Schleich: This question cannot be answered in general terms. The number, scope and software- and system-side implementation of Digital Twins depend heavily on the use case and ultimately on the company's business model. After all, a digital twin is not created as an end in itself, but, for example, to support pay-per-use models or predictive maintenance offerings. Finding suitable use cases is a challenge, especially for smaller companies, but there are now providers that support them in implementing and also operating digital twins.

Question: Things have become quieter again around the topic of sustainability. Is PLM actually an effective lever for this?

Schleich: Topics such as sustainability and the circular economy have lost some attention due to the current geopolitical challenges. But I still attach great importance to them because, ultimately, this is not only about ecological aspects but also about cost issues and resilient supply chains. Given the need to collect and exchange sustainability-related data across the entire product lifecycle, PLM is certainly an important building block here, but it often has to be supplemented by additional systems, for example systems for material data management or IoT platforms in production.

Question: I will return to my opening question. Will your Product Life Cycle Management department still have the same name in ten years?

Schleich: There will certainly be some changes in the coming years, but I strongly assume that representing and controlling the product lifecycle in the digital space and closing data and information loops in engineering will still be of great importance in ten years' time. That is my bet, although I admit that I am biased.

Professor Schleich, thank you very much for this interesting interview. 

 


 

About the Person

Prof. Dr.-Ing. habil. Benjamin Schleich is Professor and Head of the Product Life Cycle Management (PLCM) department in the Department of Mechanical Engineering at the Technical University of Darmstadt.
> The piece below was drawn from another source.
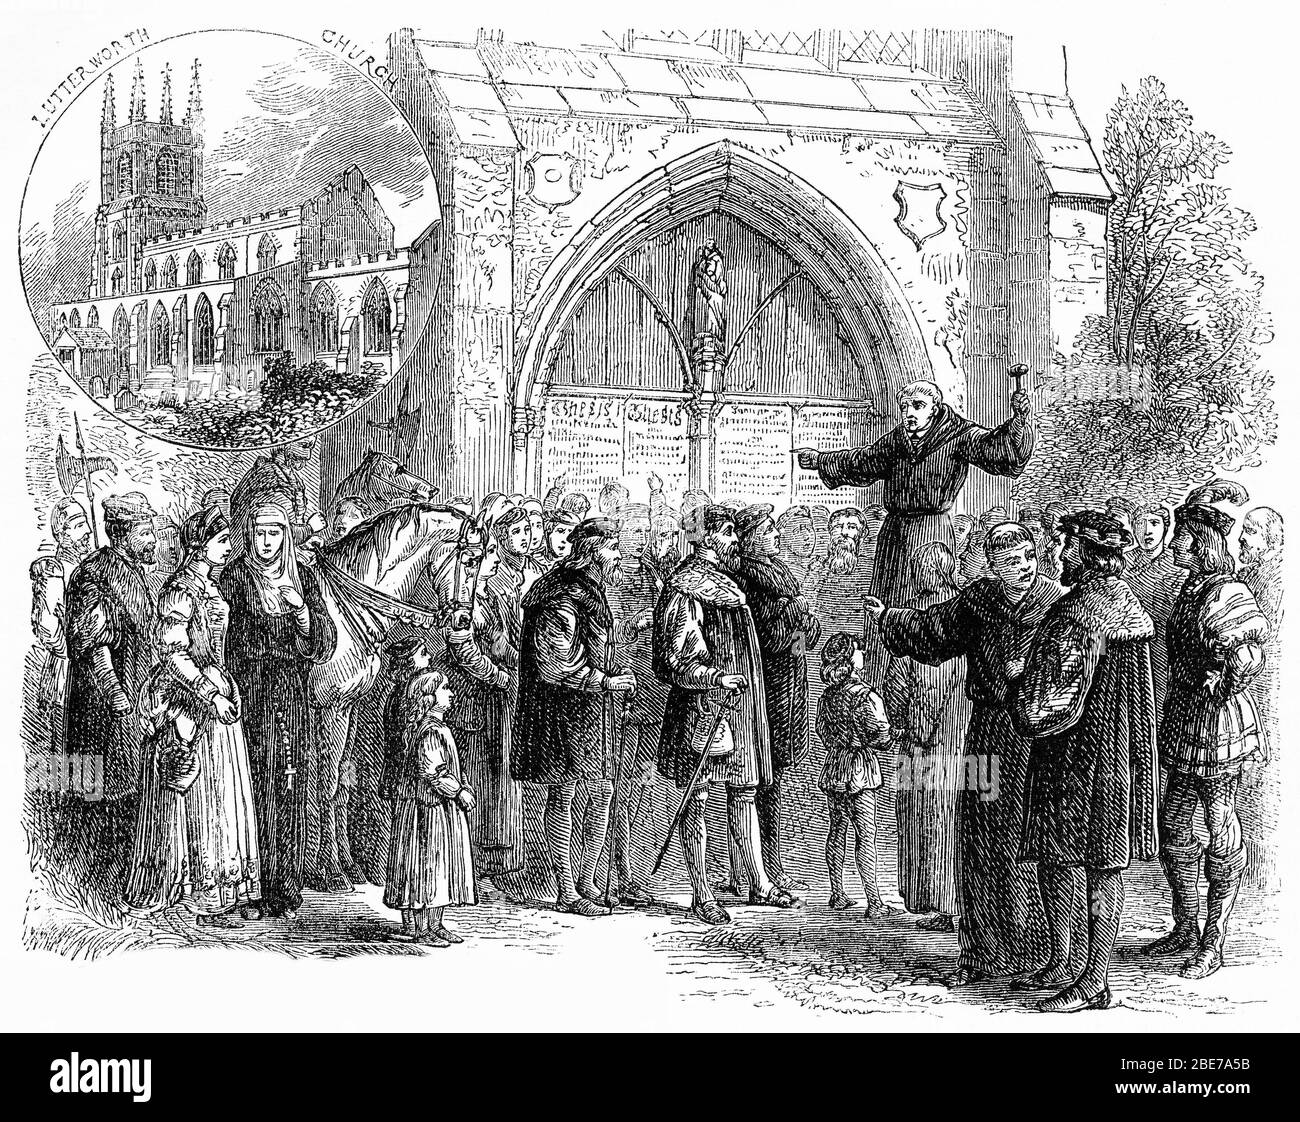 Stich von zwei Szenen aus der protestantischen Reformation - Lutterworth Kirche in England, die Pfarrei von John Wycliffe und John Tetzel Verkauf Ablässe in Deutschland Stockfoto

His research focuses on various aspects relating to the exchange of information and data along the product lifecycle, such as issues relating to data-driven sustainability, the automation of engineering processes, flexible digital manufacturing systems and information processing in tolerance management. Together with his team, he also works on Digital Twins, data mining and machine learning in product development, tolerance management (particularly in the context of Industry 4.0) and innovative methods and CAx process chains.